A true 20mph average speed (door-to-door; not what you see mostly on the computer at mid-ride) takes a whole load of dedicated riding to achieve. I averaged 23mph over a hardish 5 miles interval last week (mid ride) but the average speed for the whole ride (getting in & out of town too) was 17.5mph. Most pro racers will rarely average a true 23mph on a training ride. Just be wary of unreasonable expectations. Ride with others and you'll soon find out if you're fast or slow.


----------



## mimason (Oct 7, 2006)

It literally takes years to get "bike fit". Enjoy your progress and endorphin rush post ride after a hard workout.


----------



## Zen Cyclery (Mar 10, 2009)

*Ron Paul Vs Ralph Nader, the two extremes*



Mike T. said:


> Most of us are wise enough not to try to compare 50lb bike expectations with 20lb bike expectations.
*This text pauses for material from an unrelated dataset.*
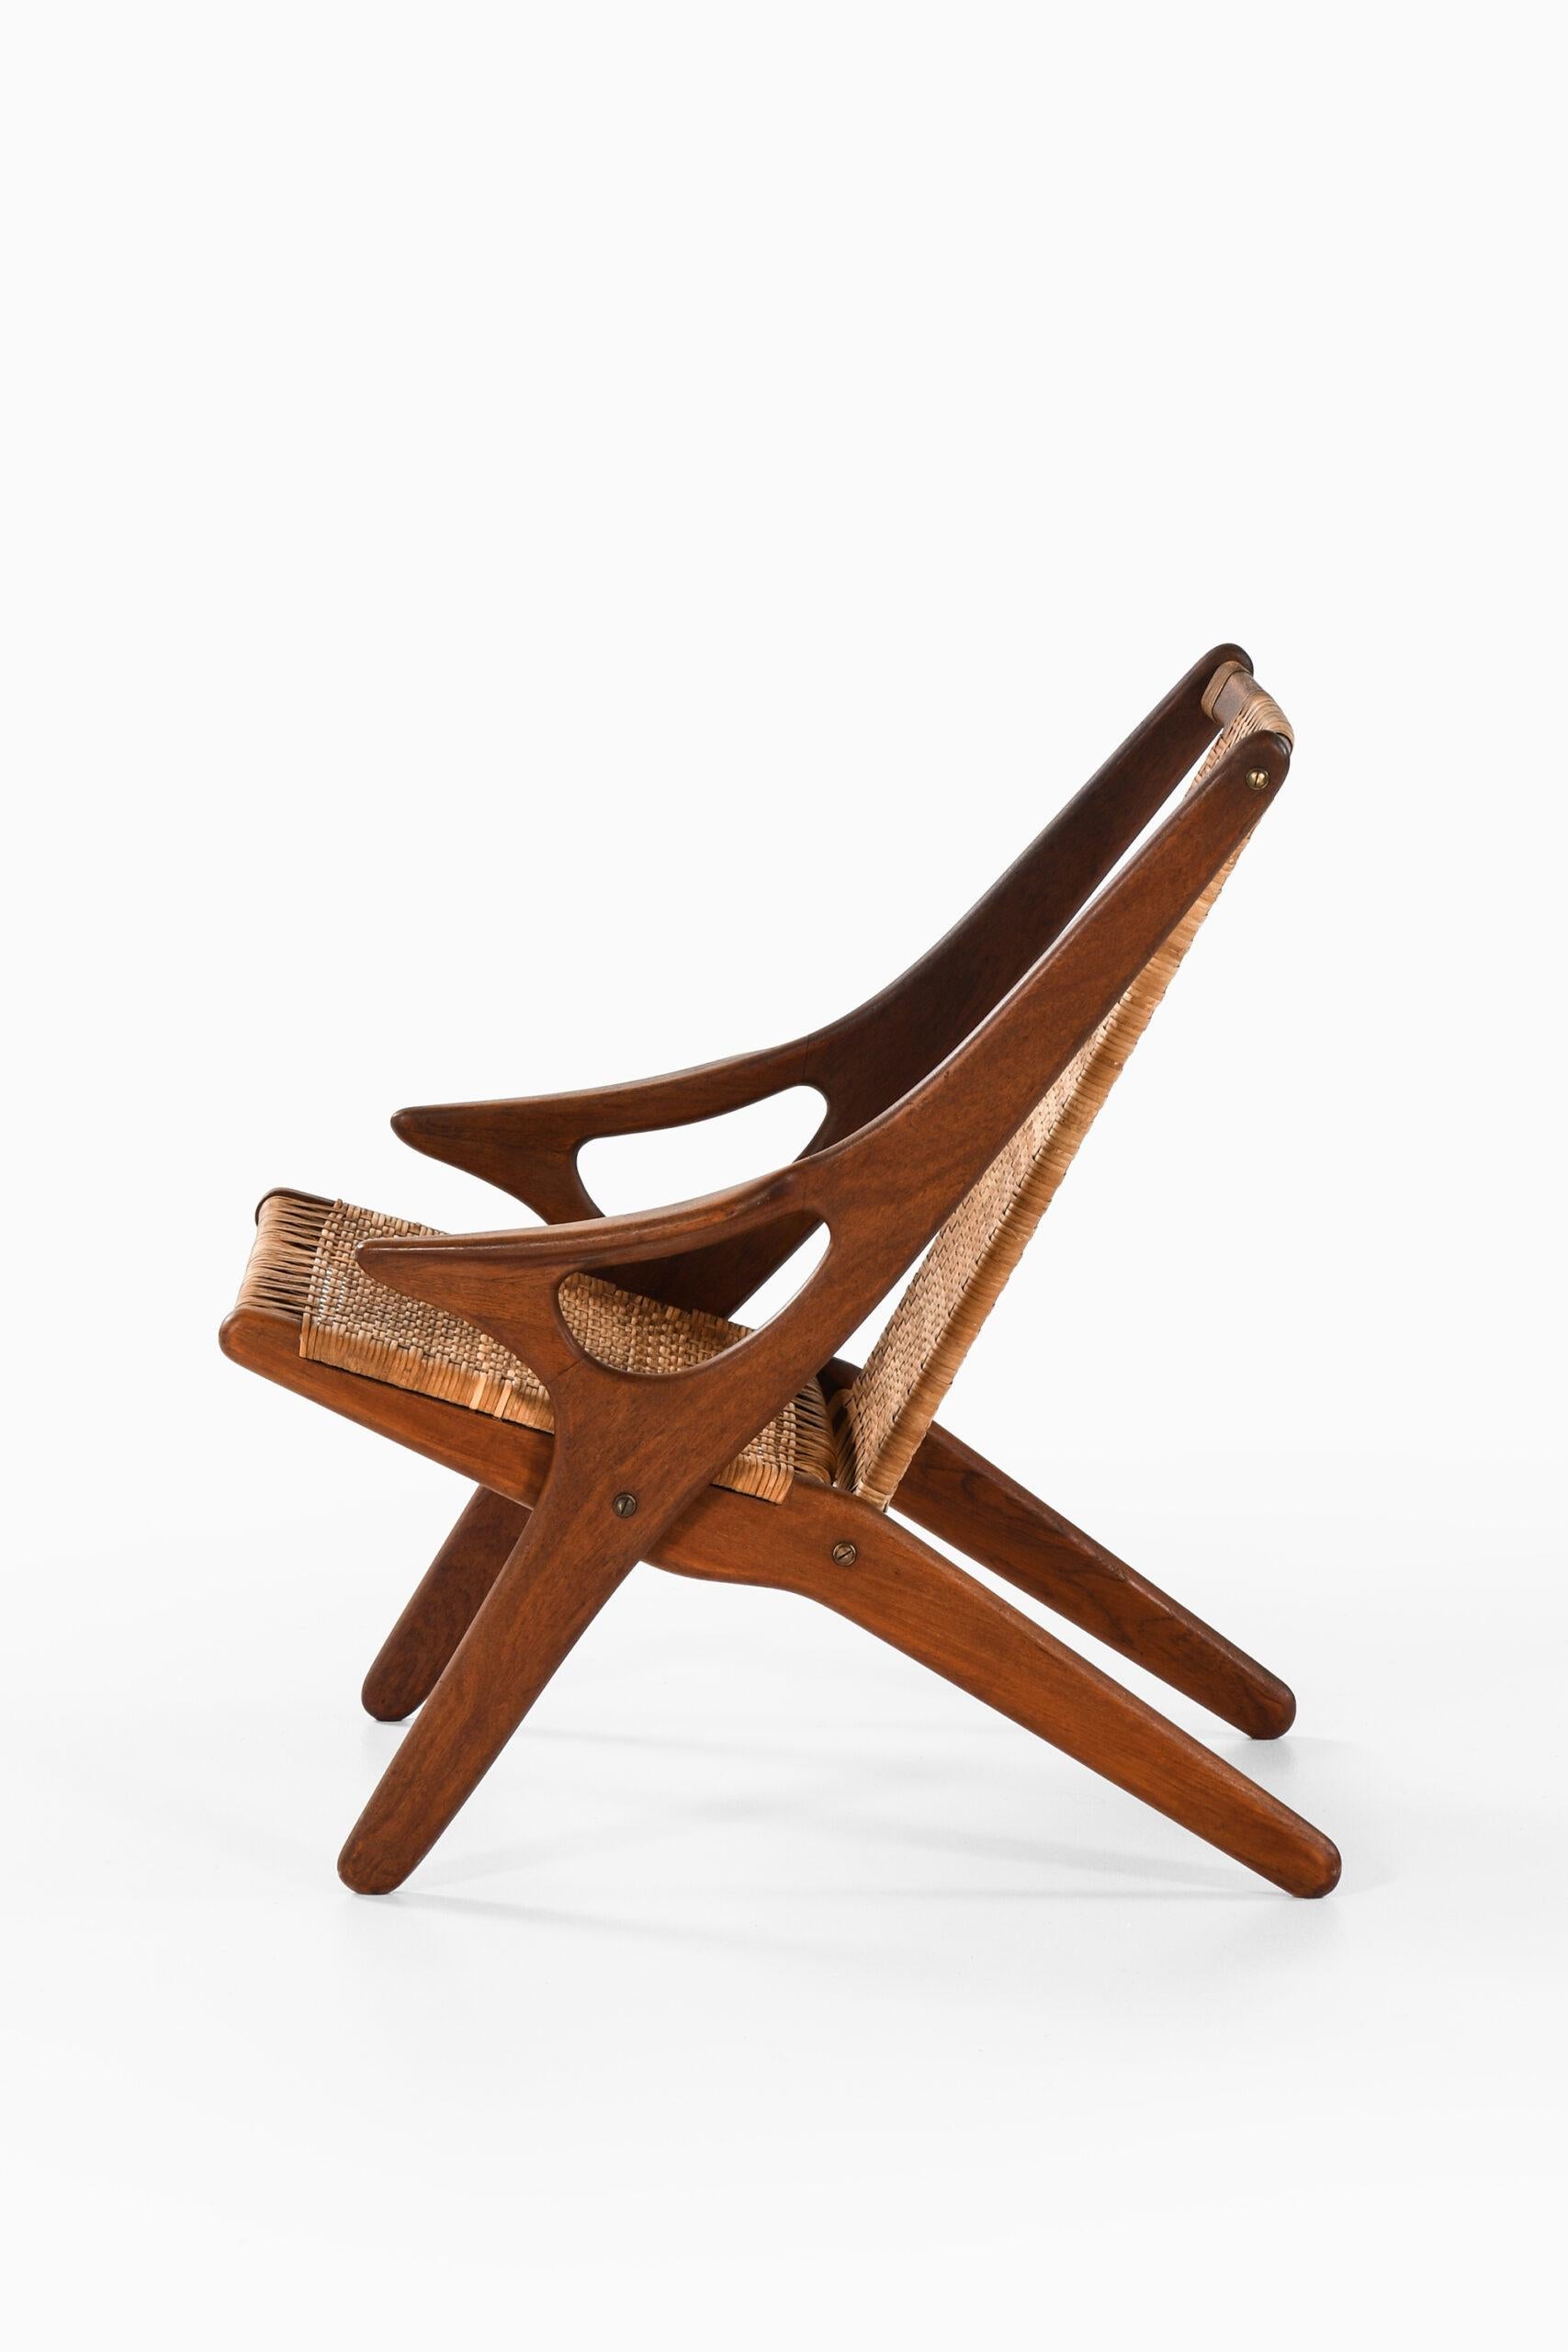 Rare easy chair designed by Arne Hovmand-Olsen. Produced by A.R. Klingenberg & Søn in Denmark.

Most of us are also wise enough not to make purely definitive statements about there being no measurable differences in terms of the aero advantage of a wheelset. Granted there is a lot of hype. However when it comes to aero wheels making statements there is "no difference" is silly because as we can see by the VERY methodical third party test that I posted previously there are differences in wheels in terms of their aerodynamic properties. Any aeronautical engineer would be willing to explain to a newb like you or myself that even at low speeds wind resistance still can be measured and manipulated.

I get tired of this one side or the other argument. 
Here are the facts that any logical person will agree with me on.
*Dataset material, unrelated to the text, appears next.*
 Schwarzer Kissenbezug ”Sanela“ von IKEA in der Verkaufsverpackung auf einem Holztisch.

Are there differences? Yes
Are they noticeable? Probably not
Are they measurable? Yes because they have been

If anyone disagrees with those three true statements, especially the last one, then do what Adrian did and rent a wind tunnel, put wheels in it, and report the findings. Im tired of reading posts that are parties arguing extreme talking points that are just plain wrong.


----------



## TimV (Mar 20, 2007)

osteomark said:


> I've been told to put aside the speedo for a few months and just ride.


This is good advice. Cycling shorts will be far more comfortable.


----------



## Rhymenocerus (Jul 17, 2010)

Once you start riding at 25+mph then you may see improvements.


----------



## ergott (Feb 26, 2006)

Average speed gains are small.

Top speed improvements are not as small, but can mean the difference between a sprint win, bridging a gap or similar. The testing has be done enough to demonstrate that the watt savings are there and they are significant (see above link).
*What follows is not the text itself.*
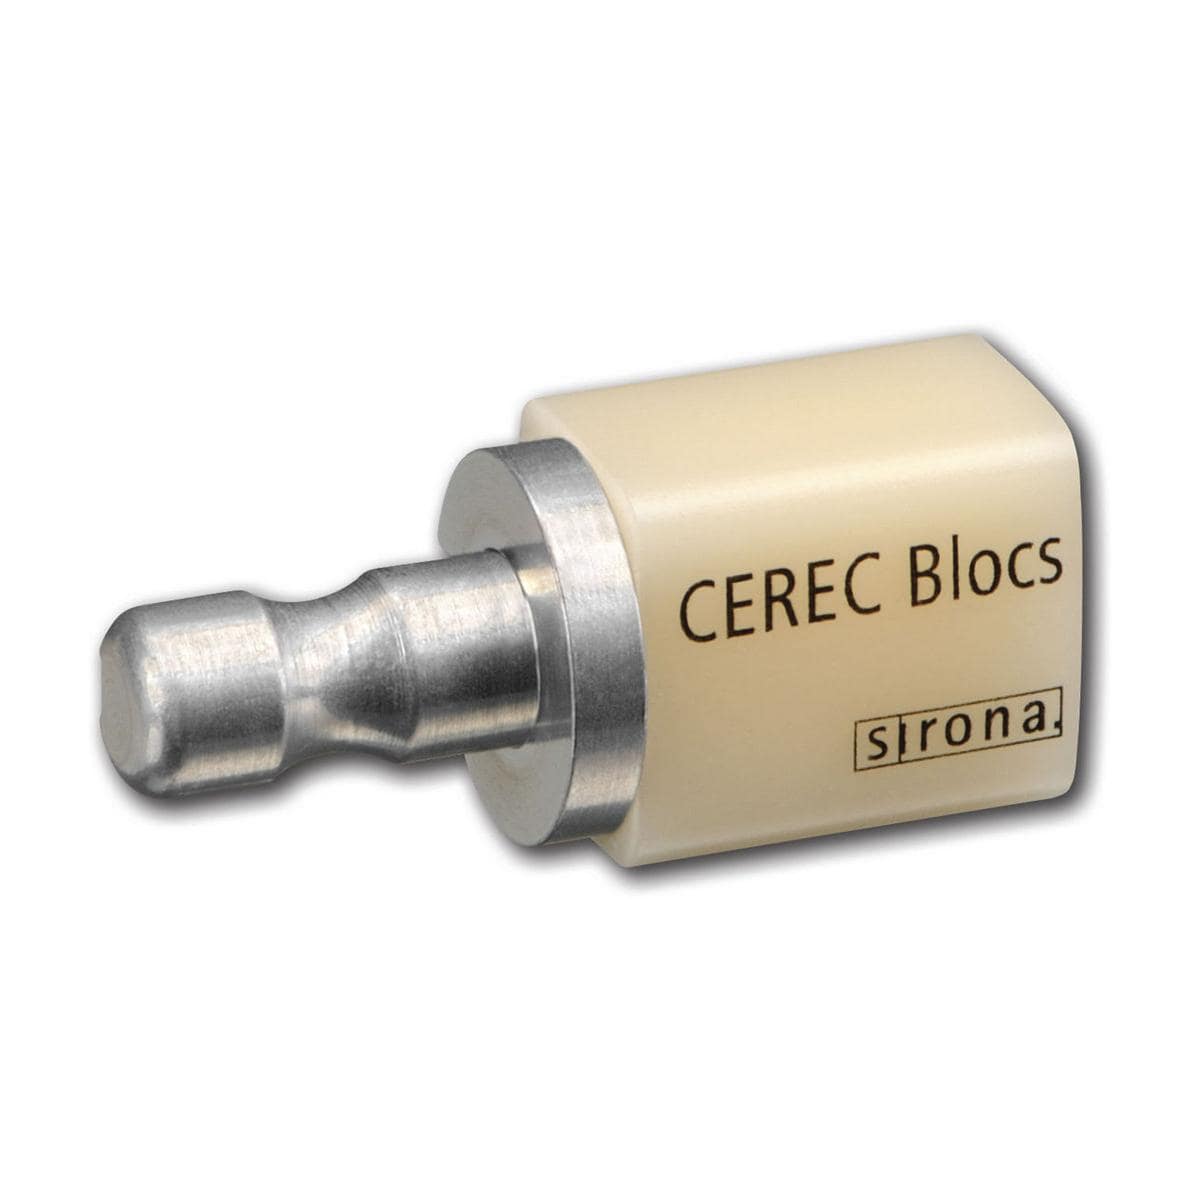 CEREC Blocs C14 - C3C, 8 stuks

I won't give up my aero wheels, but there are some rides I do that I must eek out every last bit of speed I can get. I already ride a boat load and I weigh 155lbs.

5 months in, just ride and enjoy. Learn what kind of rider you are/want to be. It takes a while. 

-Eric


----------



## Kerry Irons (Feb 25, 2002)

*Actual numbers*



asgelle said:


> We can quantify the speed increase from a change in wheels (generally around 0.1-0.4) mph. Whether the cost is worth it or not depends on your goals and assets. Please post a copy of your last three tax returns.


Just to be sure the OP is not confused by the humor about the tax returns, these numbers are correct. At 25 mph, the fastest set of wheels available will be 0.4 mph faster than 32 spoke box section rim wheels. At 20 mph, that number is 0.3 mph. etc.


----------



## AndrwSwitch (May 28, 2009)

osteomark said:


> Just throwing out a question on whether or not its worth getting new wheels.
> I'm plateauing at 18-19mi/hr on a 17mi solo ride and it feels like I can not sustain a glide when not pedaling. I'm @ 100-110psi. They are standard Bontrager wheels on a Trek 1.2.
> Or does mph improve very slowly?
> I can pedal at a 21mph avg on flats.
> ...


Without getting into the issue of the wheels (already covered anyway,) you'll see a pretty significant improvement in your averages if you don't stop pedaling.


----------



## CrimeWave (Nov 7, 2010)

ceramic wheels bearings. I'm a believer. Have a set of Fulcrum Racing Speeds and the difference can be felt between my I30's with standard enduros and the ceramic CULT bearings. They spin for friggin' ever! Noticeably less drag when coasting. 

my .02


----------



## QQUIKM3 (Apr 20, 2008)

*Well said. .*



Zen Cyclery said:


> If anyone disagrees with those three true statements, especially the last one, then do what Adrian did and rent a wind tunnel, put wheels in it, and report the findings. Im tired of reading posts that are parties arguing extreme talking points that are just plain wrong.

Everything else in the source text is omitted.